5. If a standalone (i.e., algorithm only without human-in-the-loop performance) was done:

   • N/A. This is a hardware/software imaging system, not a standalone AI algorithm that performs a diagnostic task. Its "performance" is in generating images and enabling certain features, not in making a call by itself. The "Enhanced Vessel Visualization" is an imaging feature, not a standalone diagnostic AI.

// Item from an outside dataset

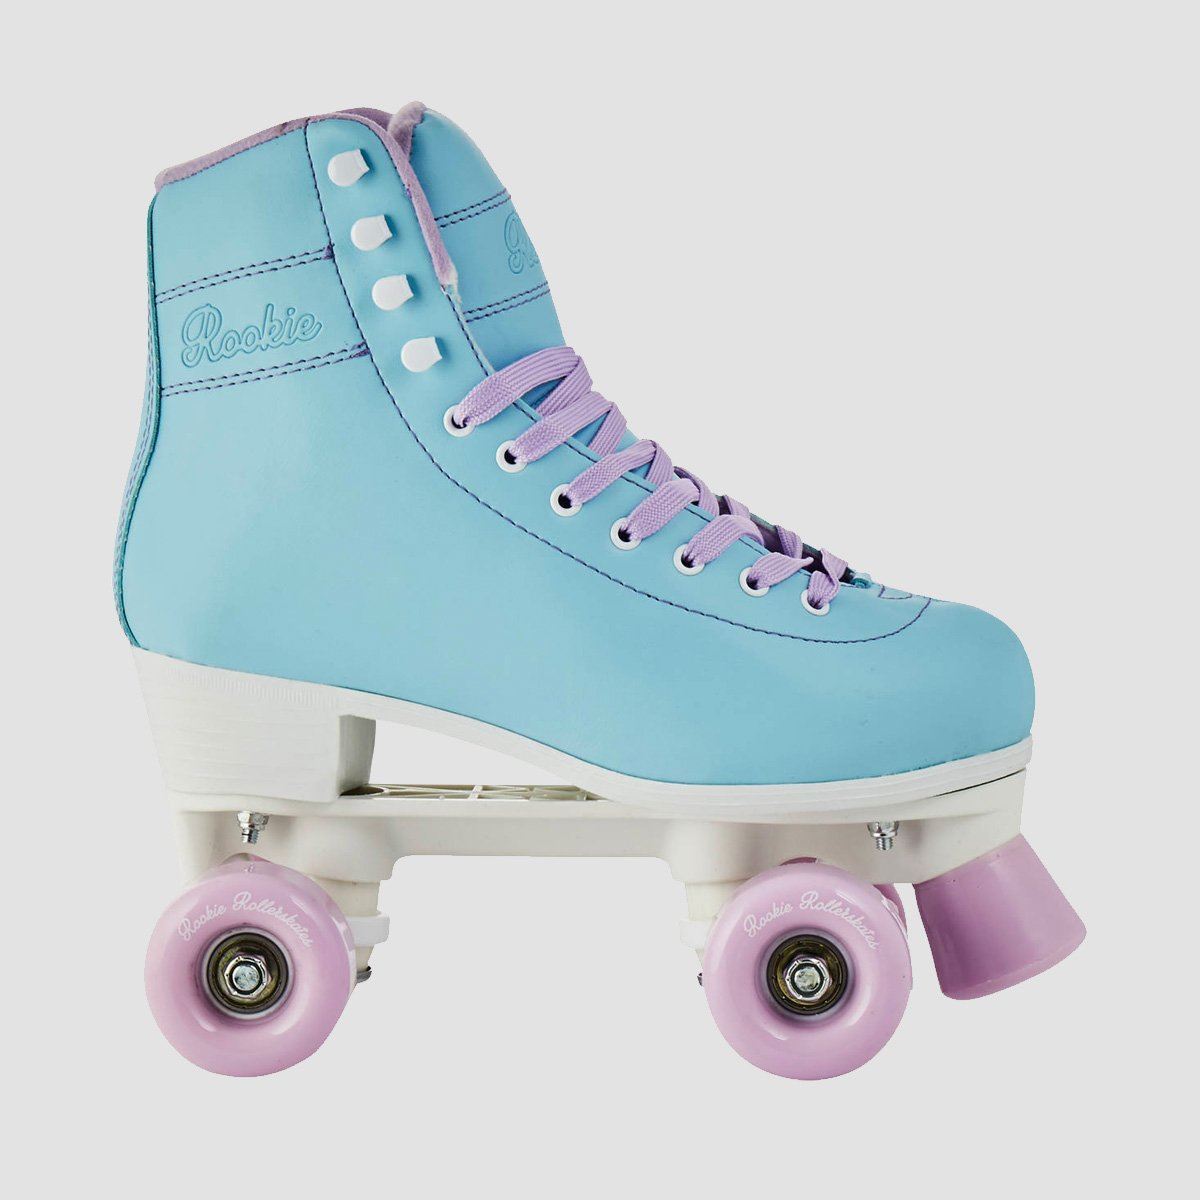 Rookie Bubblegum Quad Skates Blue
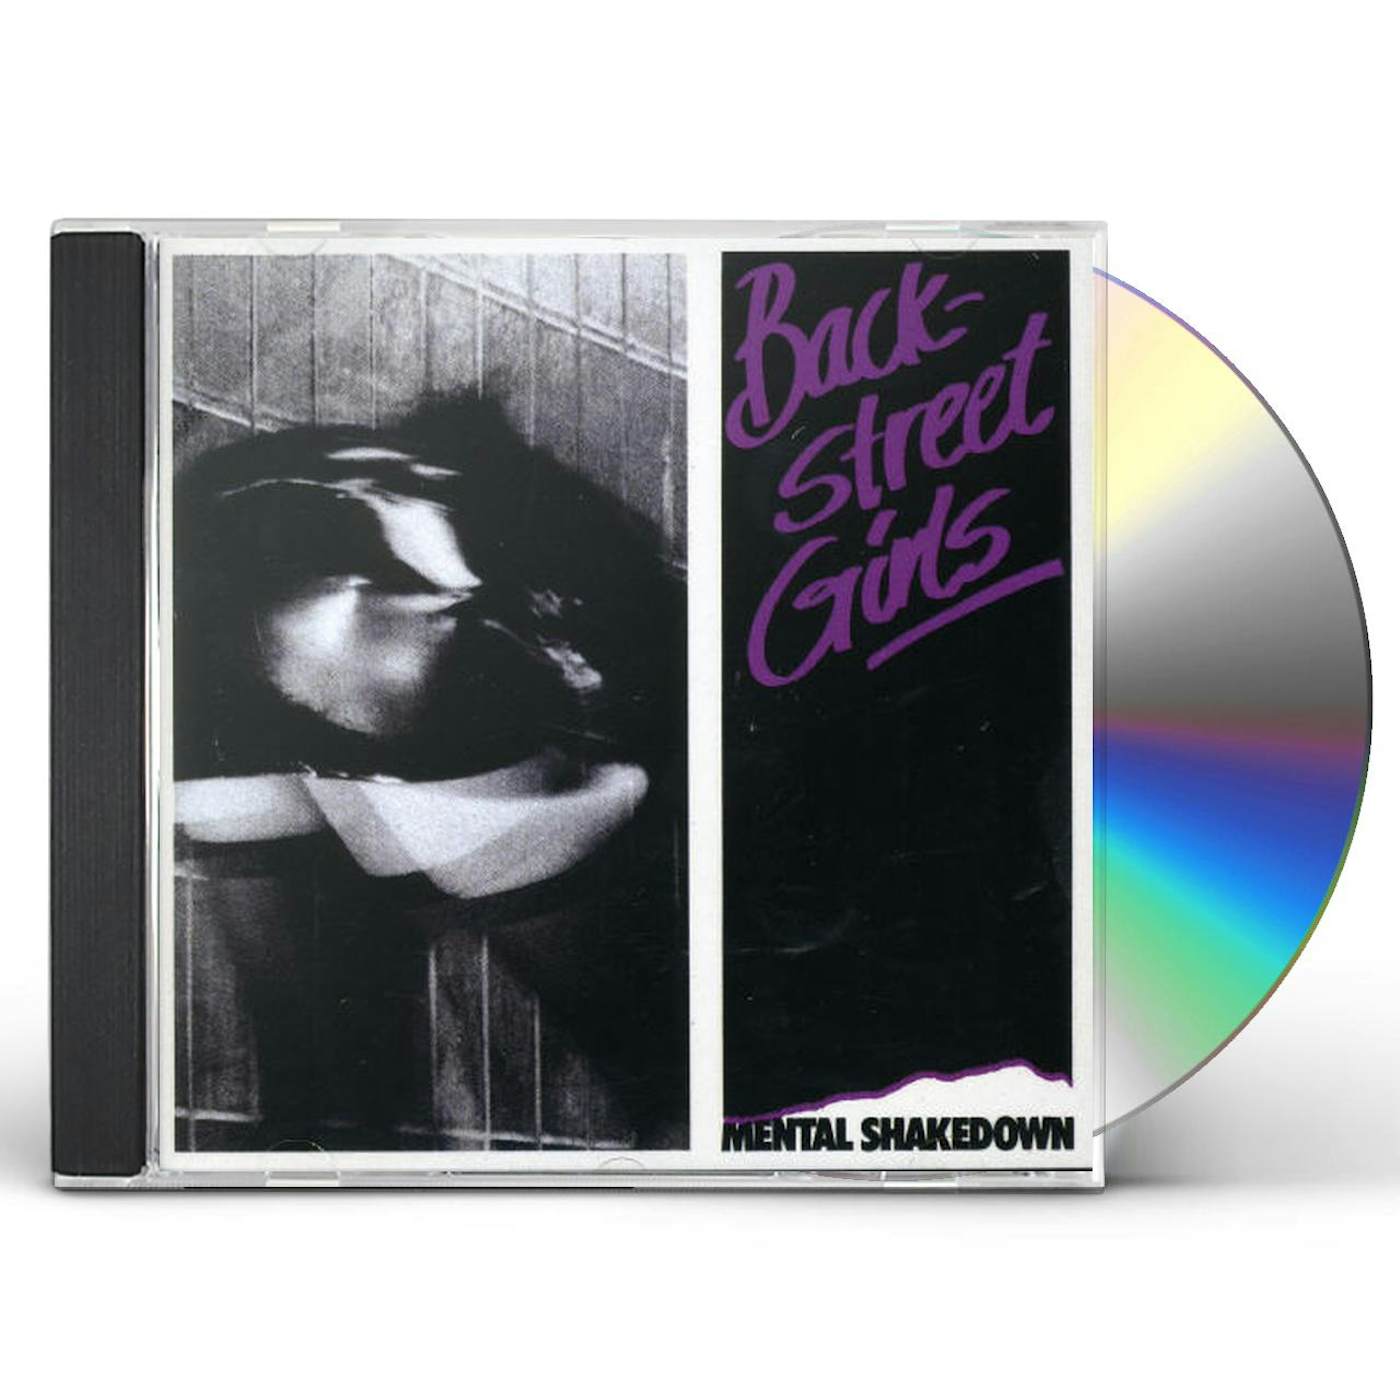 Backstreet Girls MENTAL SHAKEDOWN CD

6. The type of ground truth used (expert consensus, pathology, outcomes data, etc.):

   • For image quality comparison: Radiologist assessment of images acquired from anthropomorphic and anatomical simulation phantoms. This is a form of expert assessment of image quality based on known phantom characteristics, rather than true clinical ground truth (like a biopsy or outcome).

7. The sample size for the training set:

   • N/A. This approval is for an imaging system, not a machine learning model that requires a "training set" in the typical ML sense. The software modifications are described as supporting "functionality, image processing applications related to the optional device specific features," implying traditional software development and image processing rather than deep learning.

8. How the ground truth for the training set was established:

   • N/A. As above, no training set for a machine learning model is mentioned or implied.